##### DATA SECTION
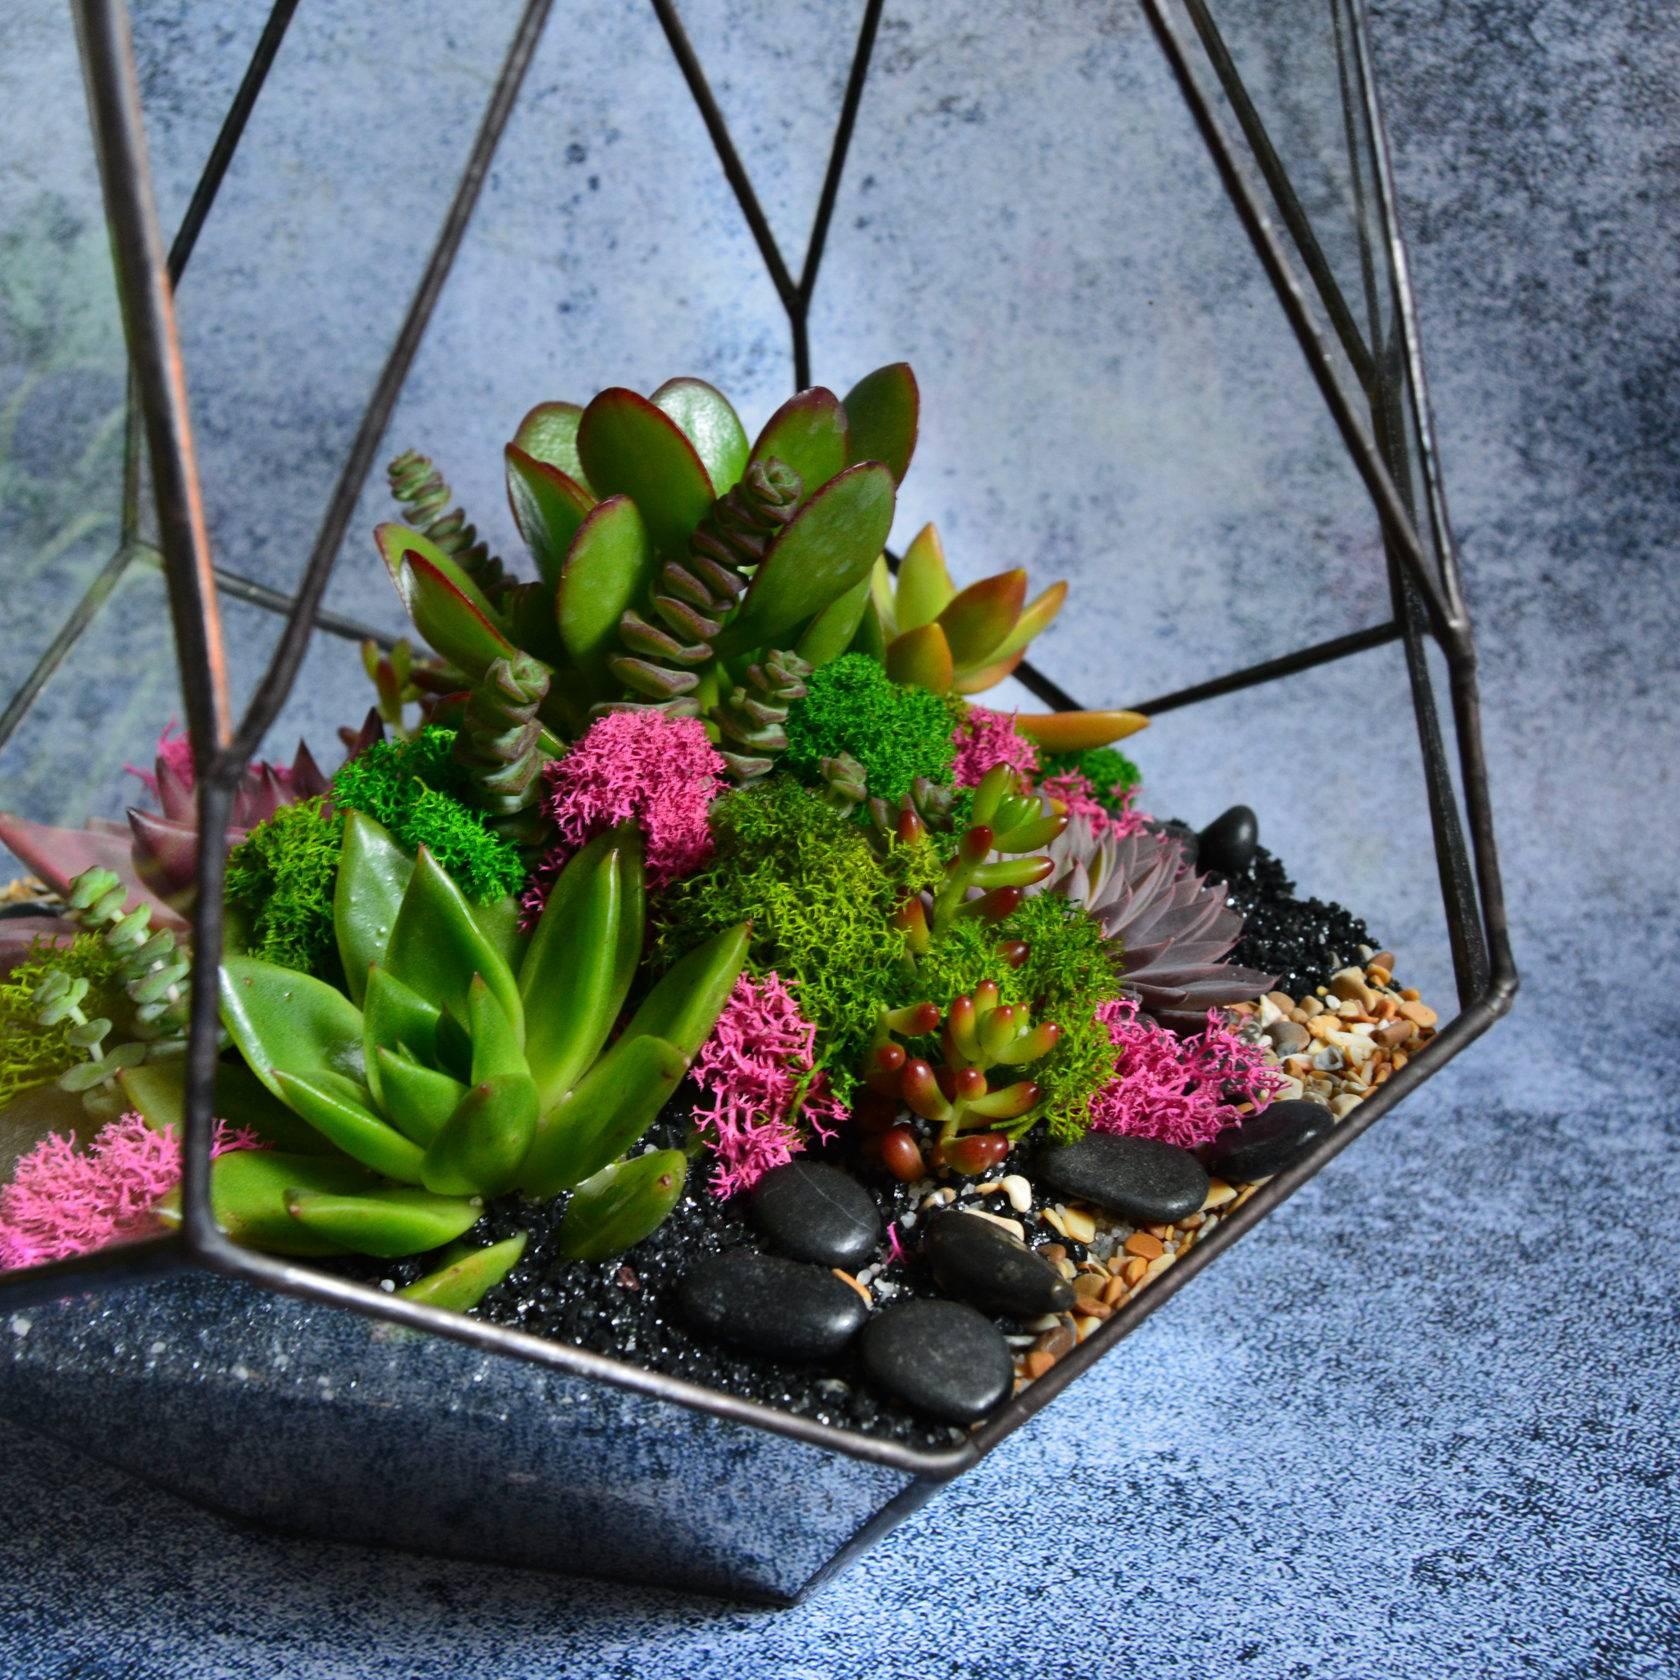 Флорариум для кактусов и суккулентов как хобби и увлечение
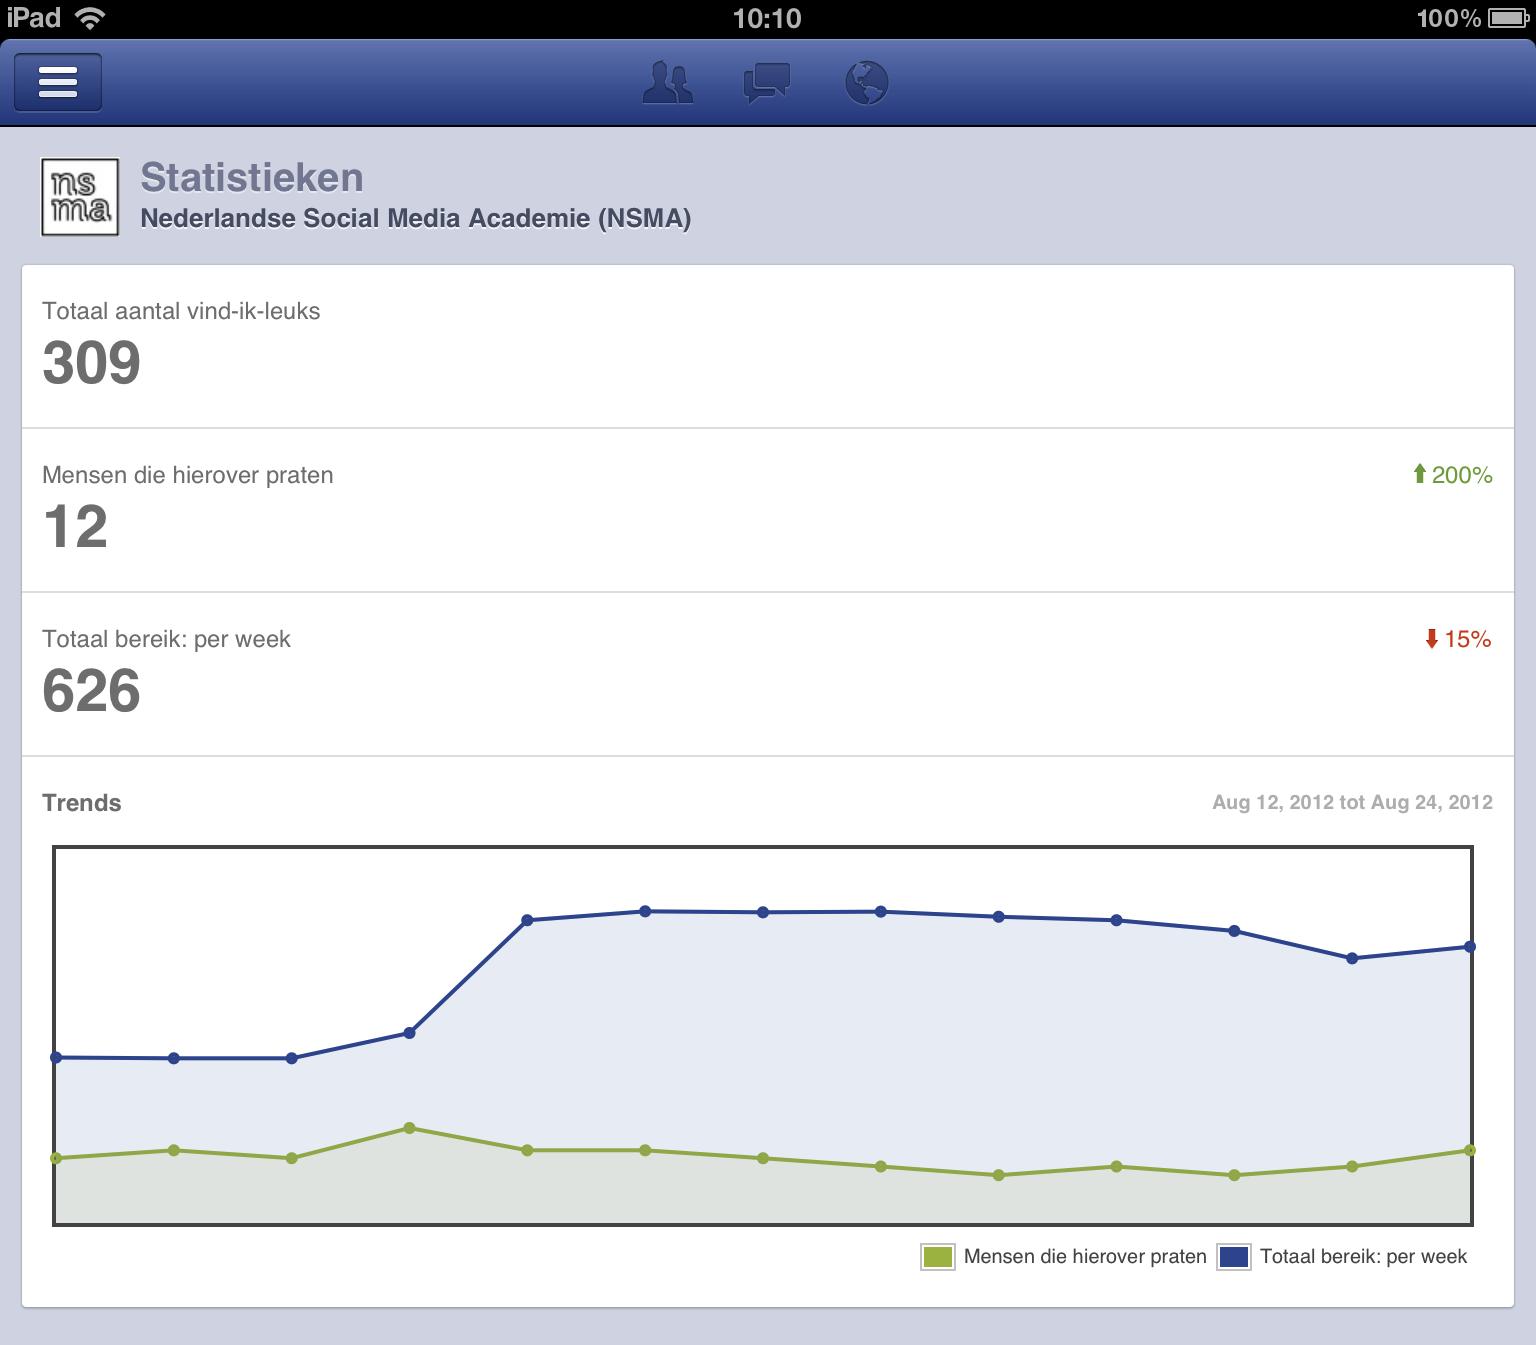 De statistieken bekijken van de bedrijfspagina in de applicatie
##########
##### DATA SECTION
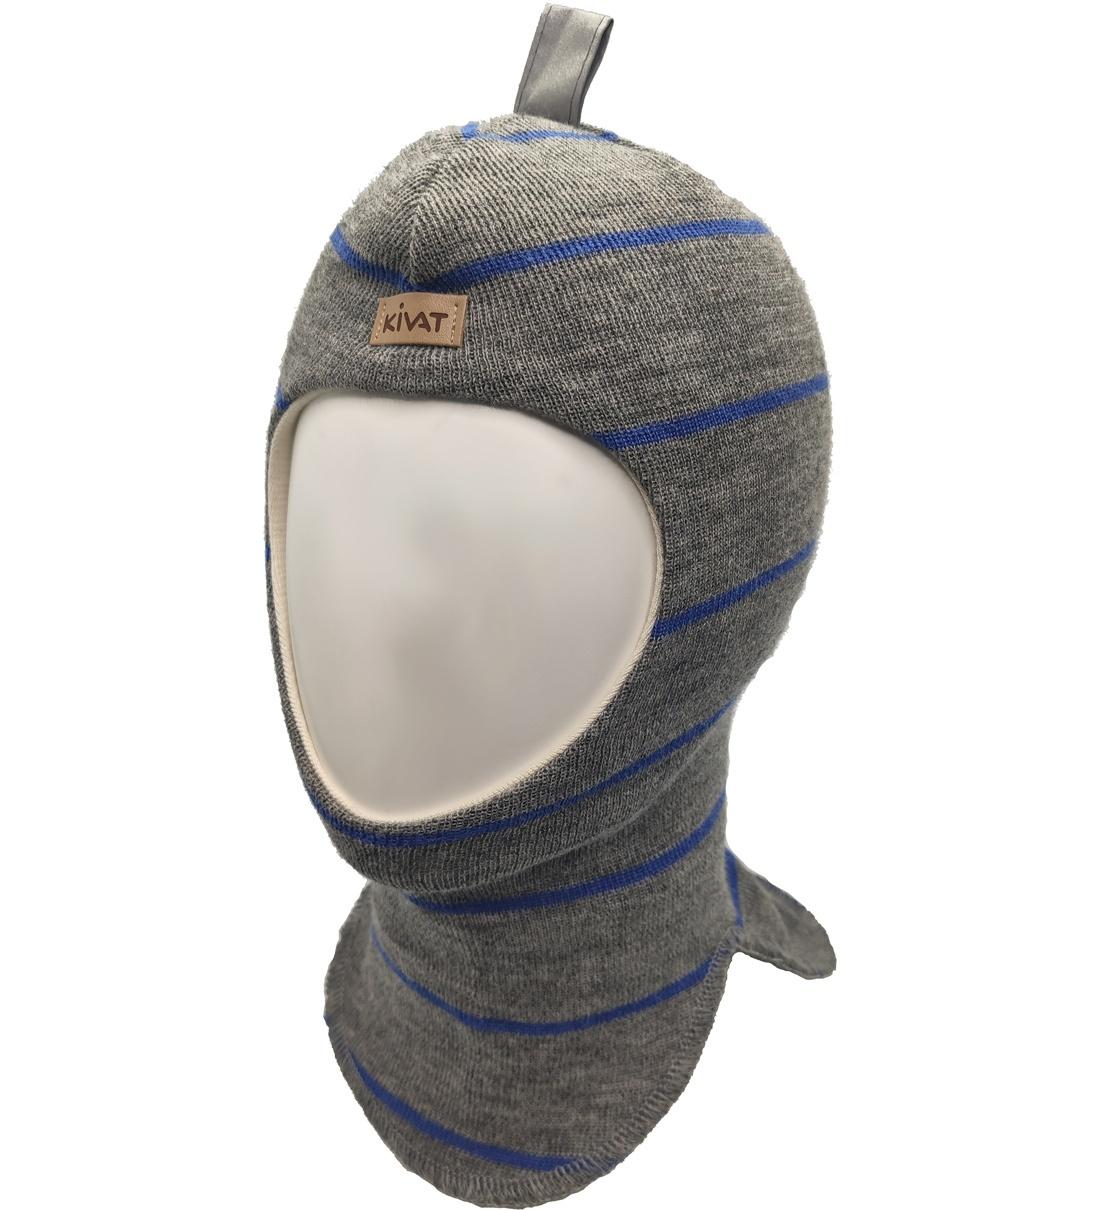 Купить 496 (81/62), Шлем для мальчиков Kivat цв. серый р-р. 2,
##########
EXERCISE DESCRIPTION: What lines above run from the one with "Флорариум для кактусов" to the one with "De statistieken bekijken"? Give them again exactly, ends included, and leave the pictures out.

RESPONSE:
 Флорариум для кактусов и суккулентов как хобби и увлечение
 De statistieken bekijken van de bedrijfspagina in de applicatie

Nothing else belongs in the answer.